__Data block__:
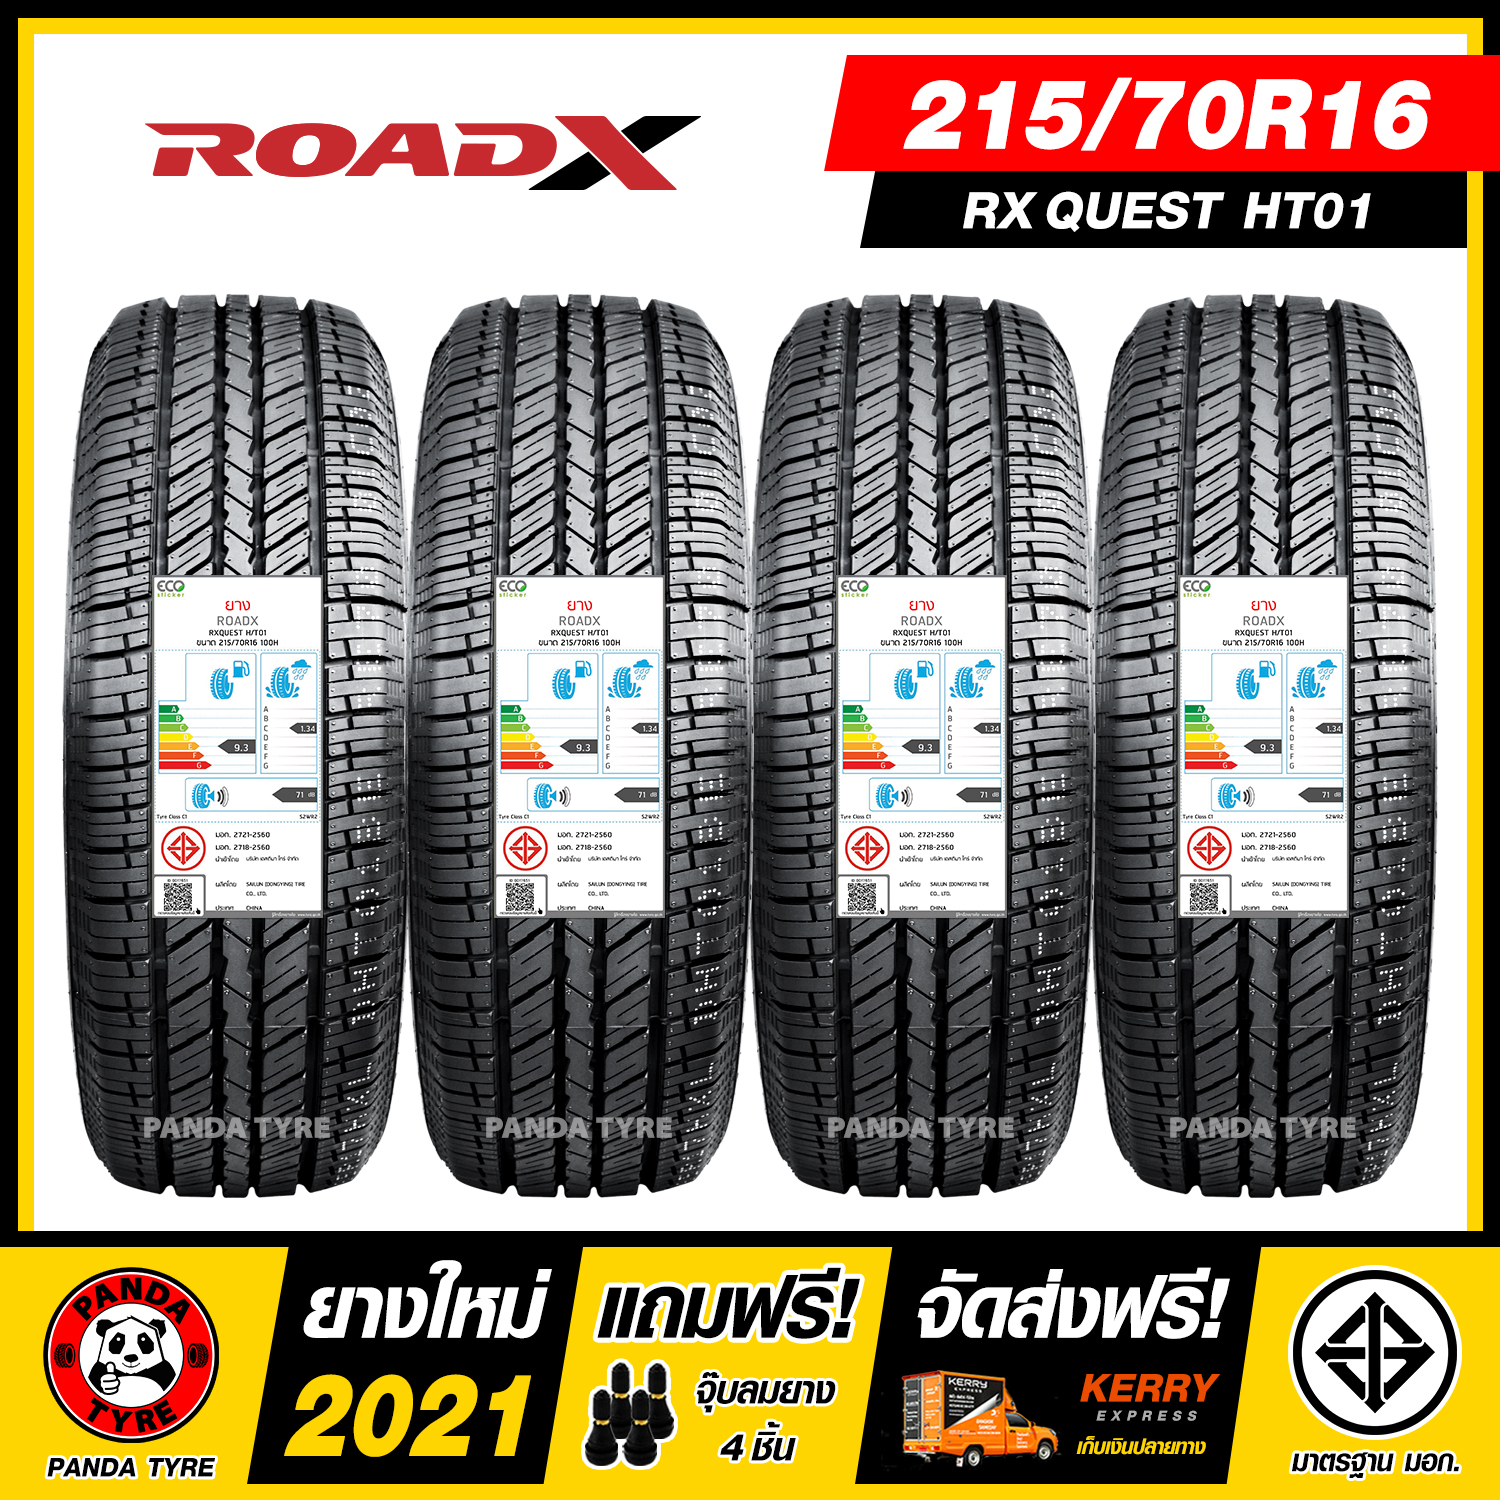 ROADX 215/70R16 ยางรถยนต์ขอบ16 รุ่น RXQUEST HT01 - 4 เส้น (ยางใหม่ผลิตปี 2021)
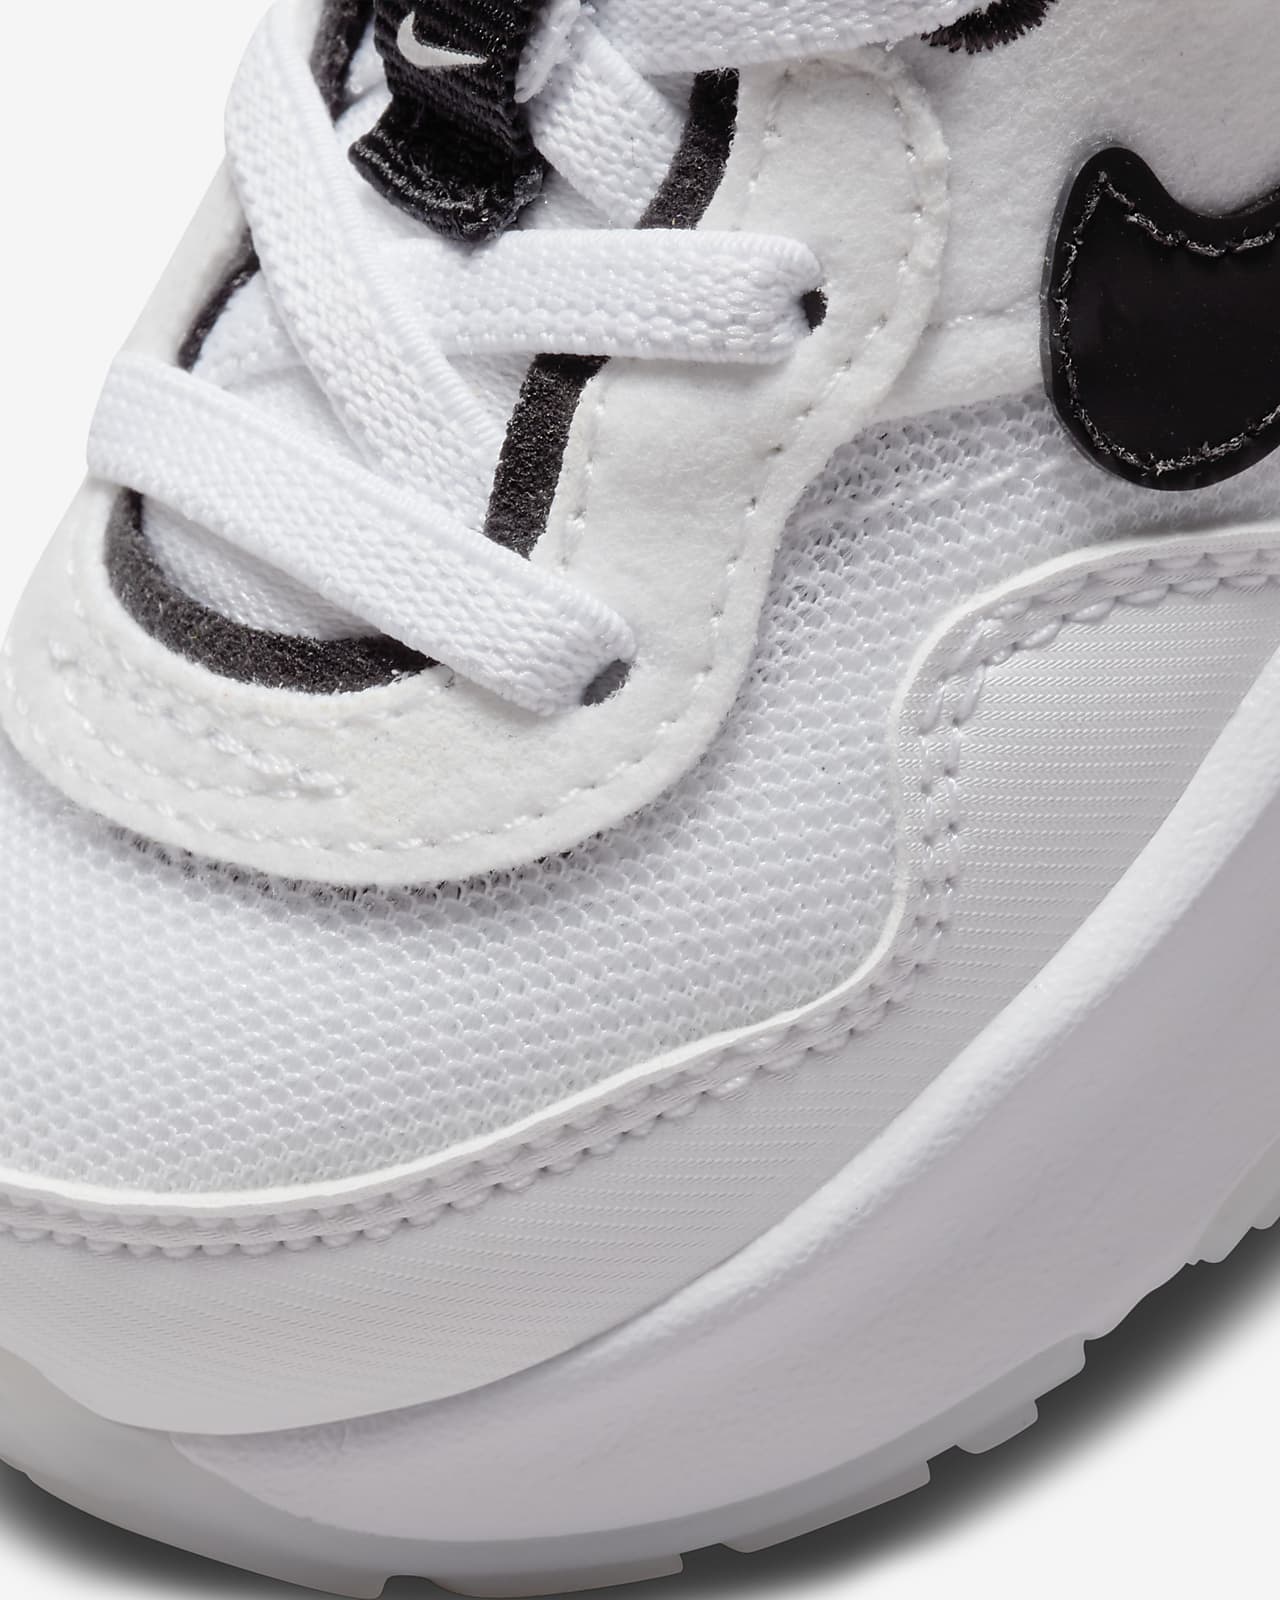 Motif Air Nike Shoes. Max Baby/Toddler
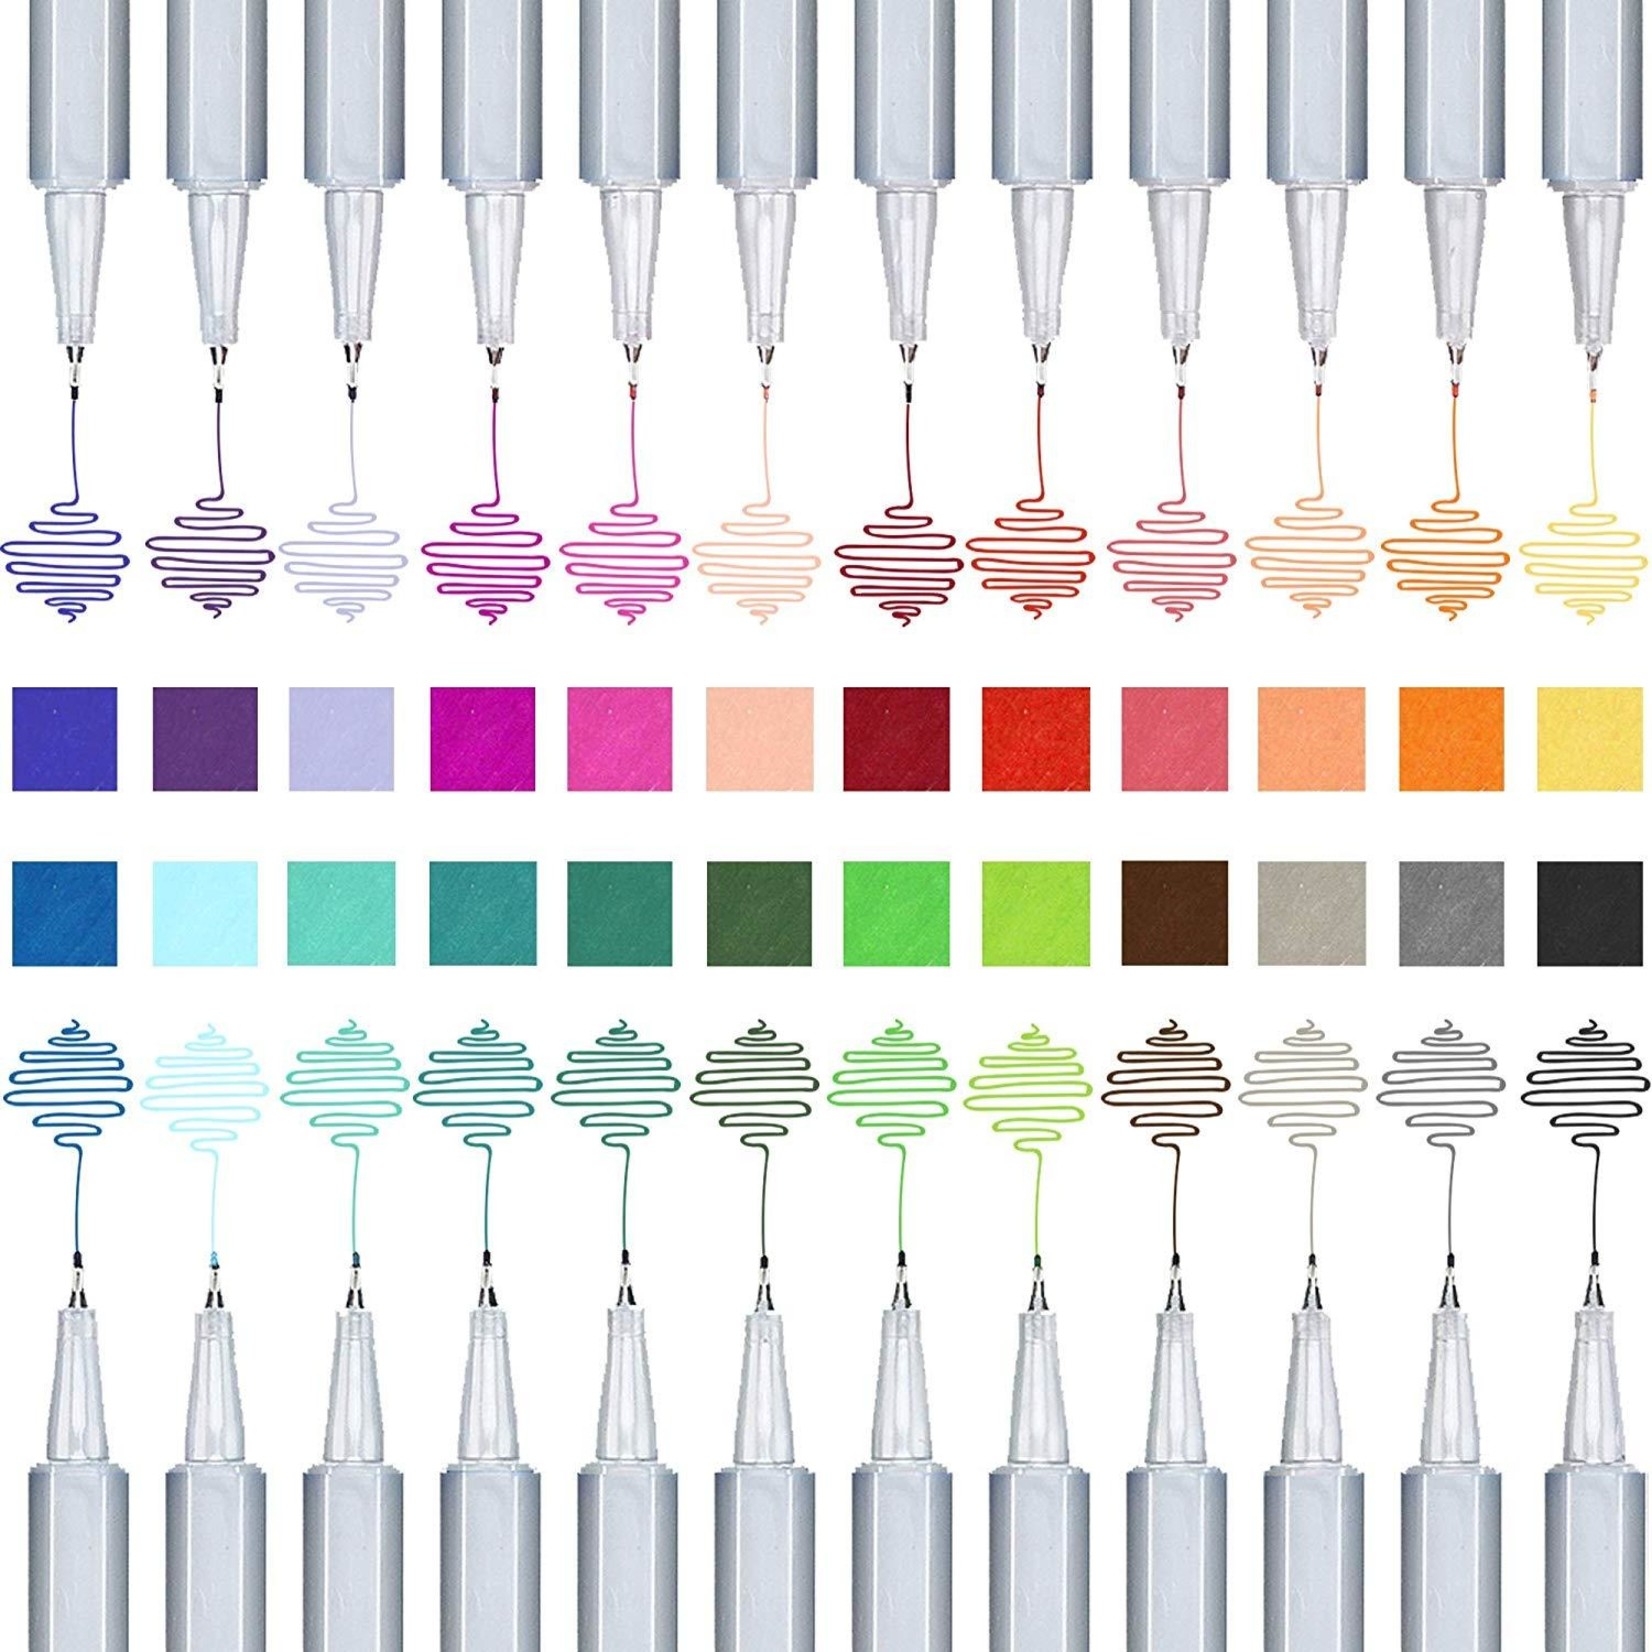 Stationery Island Coloured Fineliner Pens - Set of 24

__Task statement__: All that is needed is the span from the line with "Motif Air Nike Shoes. Max Baby/Toddler" through the last line of the material above, reproduced exactly and free of pictures.

__Reply__:
 Motif Air Nike Shoes. Max Baby/Toddler
 Stationery Island Coloured Fineliner Pens - Set of 24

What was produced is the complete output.